Exp-3: Efficiency When Varying Label Set Size | L |. In this experiment, we evaluate the efficiency when varying the label set size |L| from 2 to 6. For each label set size |L|, we randomly generate 50 queries. The average processing time for each query is shown in Fig. 7.

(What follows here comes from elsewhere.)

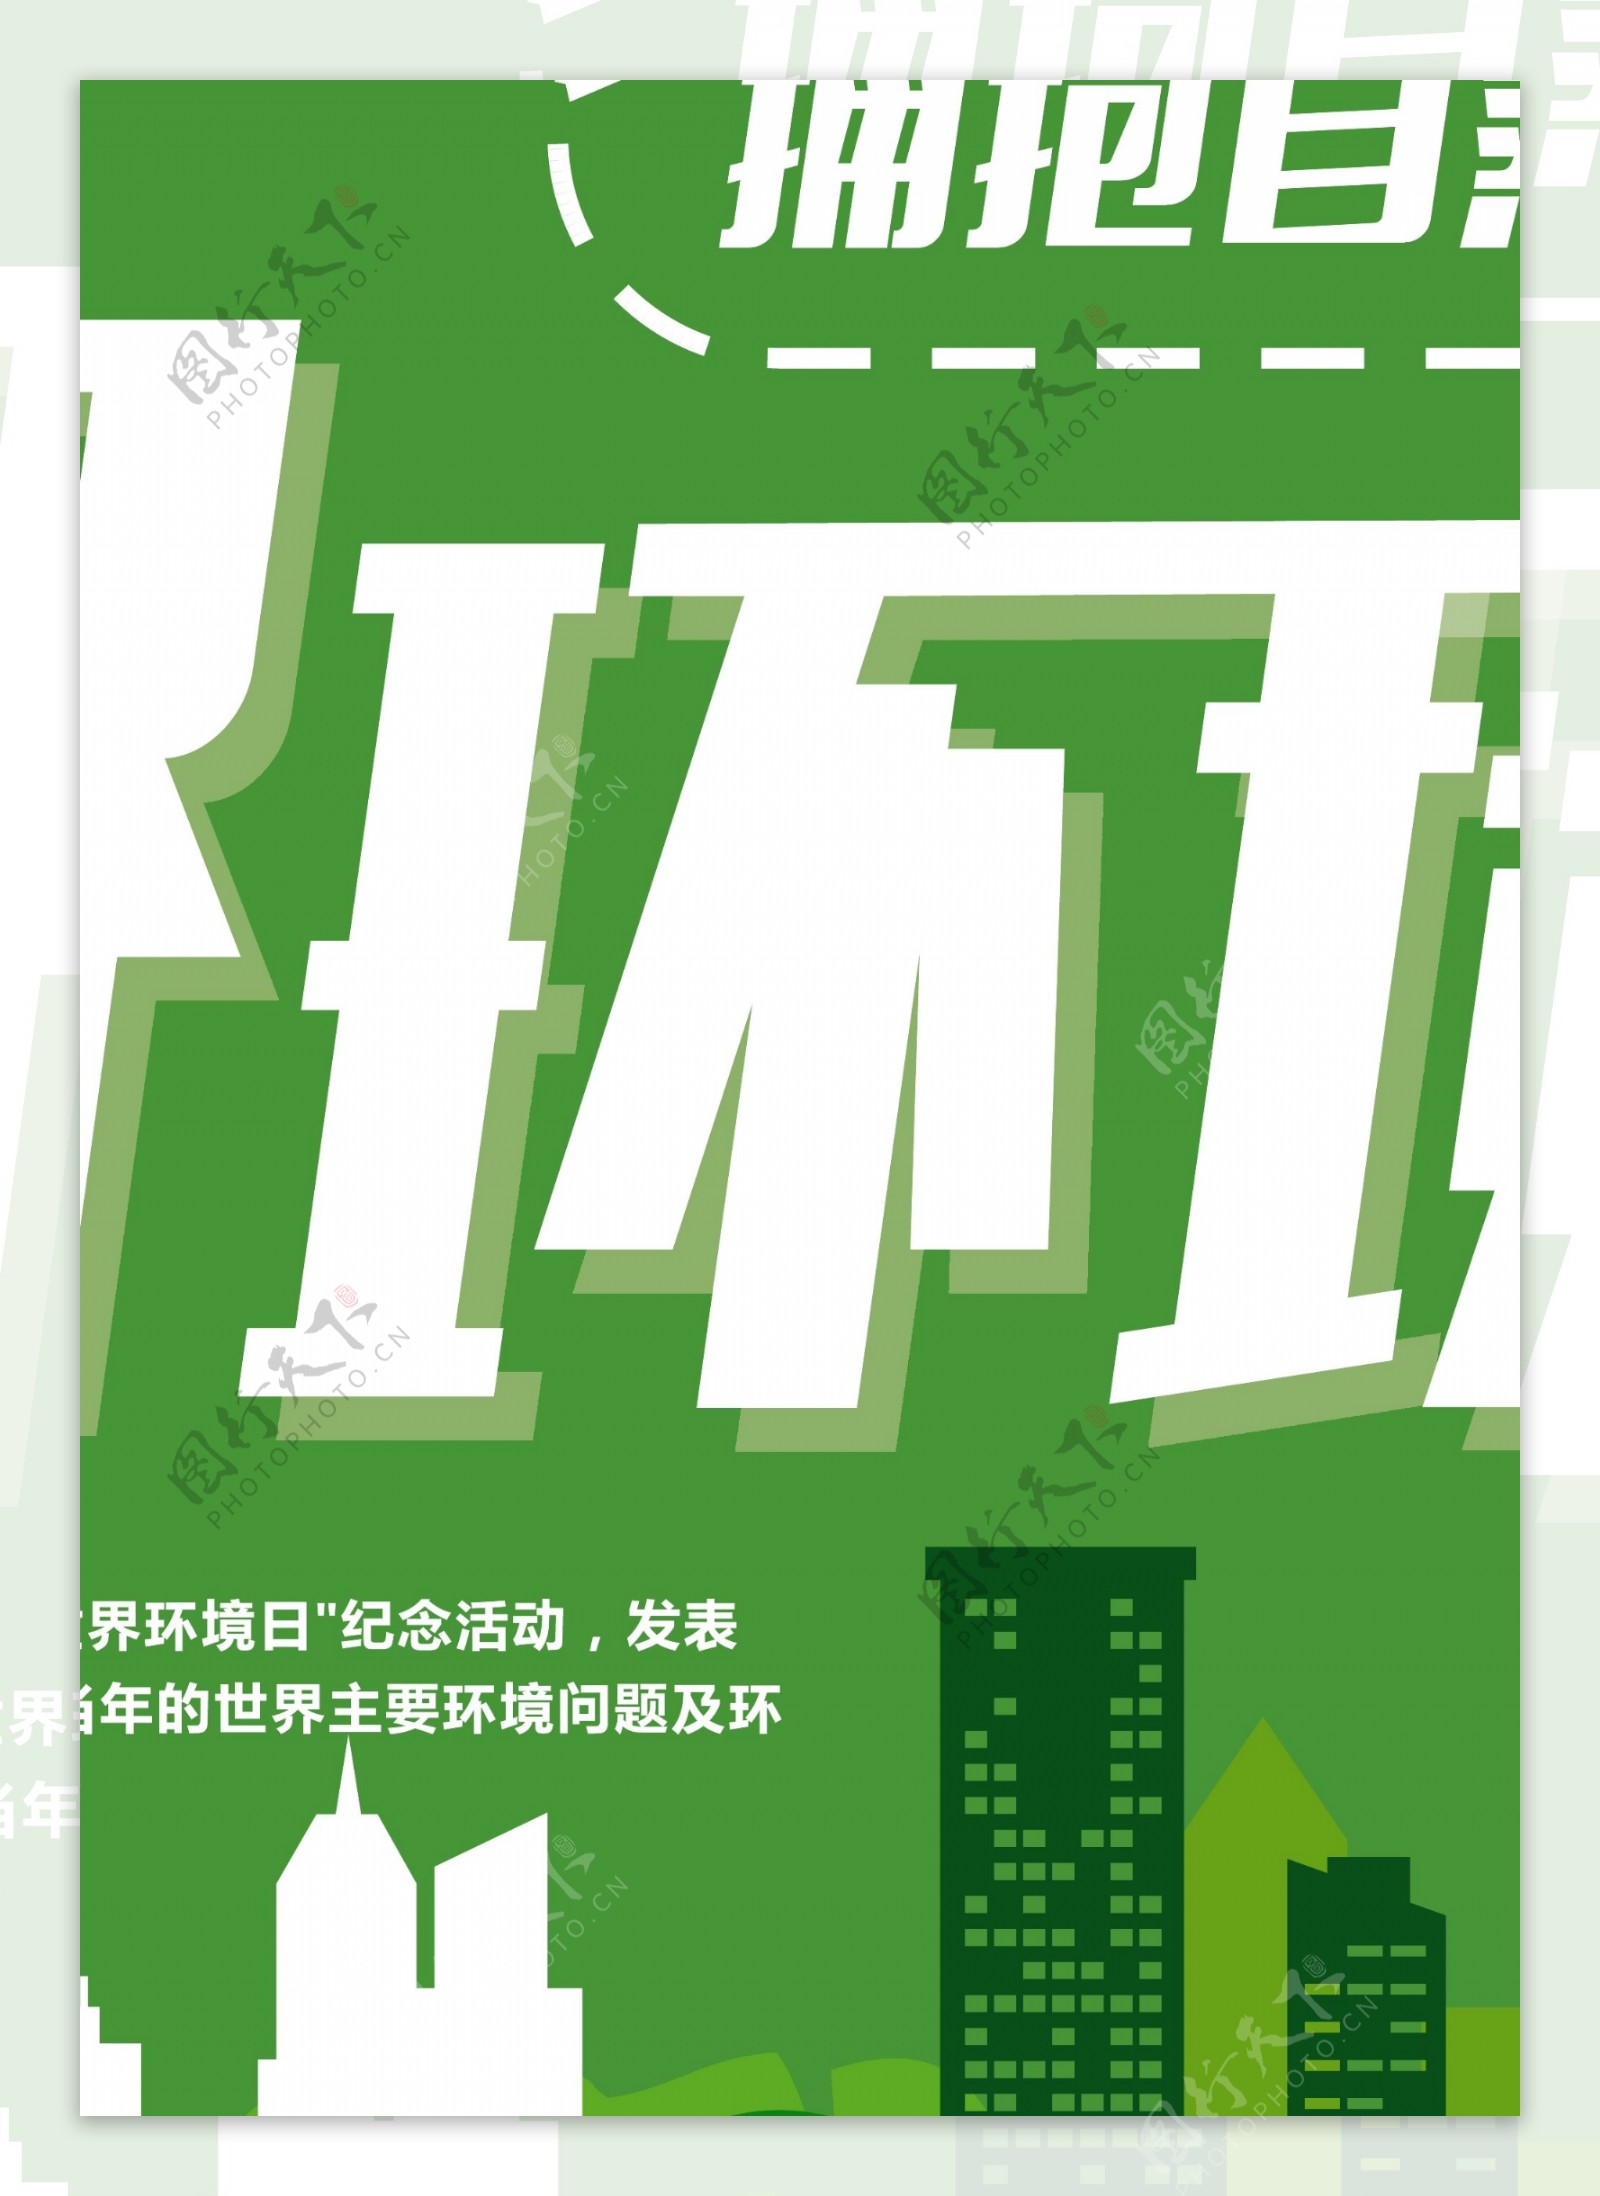 绿色世界环境日环保日公益海报设计

As shown in Fig. 7, as the label set size |L| increases, the processing time of our proposed algorithms increases while the time of the two baseline algorithms remain the same. This is because as |L| increases, the size of fruitless computation that can be pruned becomes smaller. For example on \(\textsf{TW}\), when \(|L| = 2\), \(\textsf{LabelledEnum}\) is 8.3\(\times \) faster than \(\textsf{BaseEnum}\) and 6.3\(\times \) faster than \(\mathsf {BaseEnum^+}\); in contrast, when |L| increases to 6, \(\textsf{LabelledEnum}\) becomes 1.8\(\times \) faster then \(\textsf{BaseEnum}\) and 1.4\(\times \) faster than \(\mathsf {BaseEnum^+}\). The time of the two baseline algorithms remain the same because they always have to first enumerate all the paths that follow the hop constraint.

6 Related Work

\(\textsf{HC}\)-\(\textsf{s}\)-\(\mathsf {t~path}\) enumeration is a fundamental problem in graph analysis and several algorithms have been proposed [3, 15,16,17, 19] for this problem. We divided them into two categories, which are pruning-based algorithms [3, 15, 17] and index-based algorithms [19]. Pruning-based algorithms typically adopt a backtracking strategy based on a depth-first search based framework. During the enumeration, [17] and [3] dynamically compute the shortest path distance from v to t and prunes v if it is unreachable to t, while [15] dynamically maintains a lower bound of hops to the target vertex t for the vertices visited and prunes v if the current remaining hop budget is smaller than the lower bound of hops required. For the index-based algorithm, [19] finds that the pruning-based algorithms typically suffer from severe performance issues caused by the costly pruning operations during enumeration. Therefore, \(\textsf{BaseEnum}\) builds a light-weight index to reduce the number of edges involved in the enumeration. Thanks to the index structure, \(\textsf{BaseEnum}\) significantly outperform pruning-based algorithms as demonstrated in [19]. Hence, we also adopt the index-based approach in this paper.

7 Conclusion

In this paper, we study the problem of \(\textsf{LHC}\)-\(\textsf{s}\)-\(\mathsf {t~path}\) enumeration. To address this problem, we observe that there exists a huge amount of unnecessary computation due to the label constraints and the processing performance can be significantly improved if these unnecessary computation can be effectively pruned. Following this observation, we first propose a label-based index to identify the fruitless exploration. Based on the constructed index, we design an efficient algorithm to process the given query by pruning the fruitless computation related to both the label and hop constraints. Experiment results on real-world datasets demonstrate the efficiency of our proposed algorithms.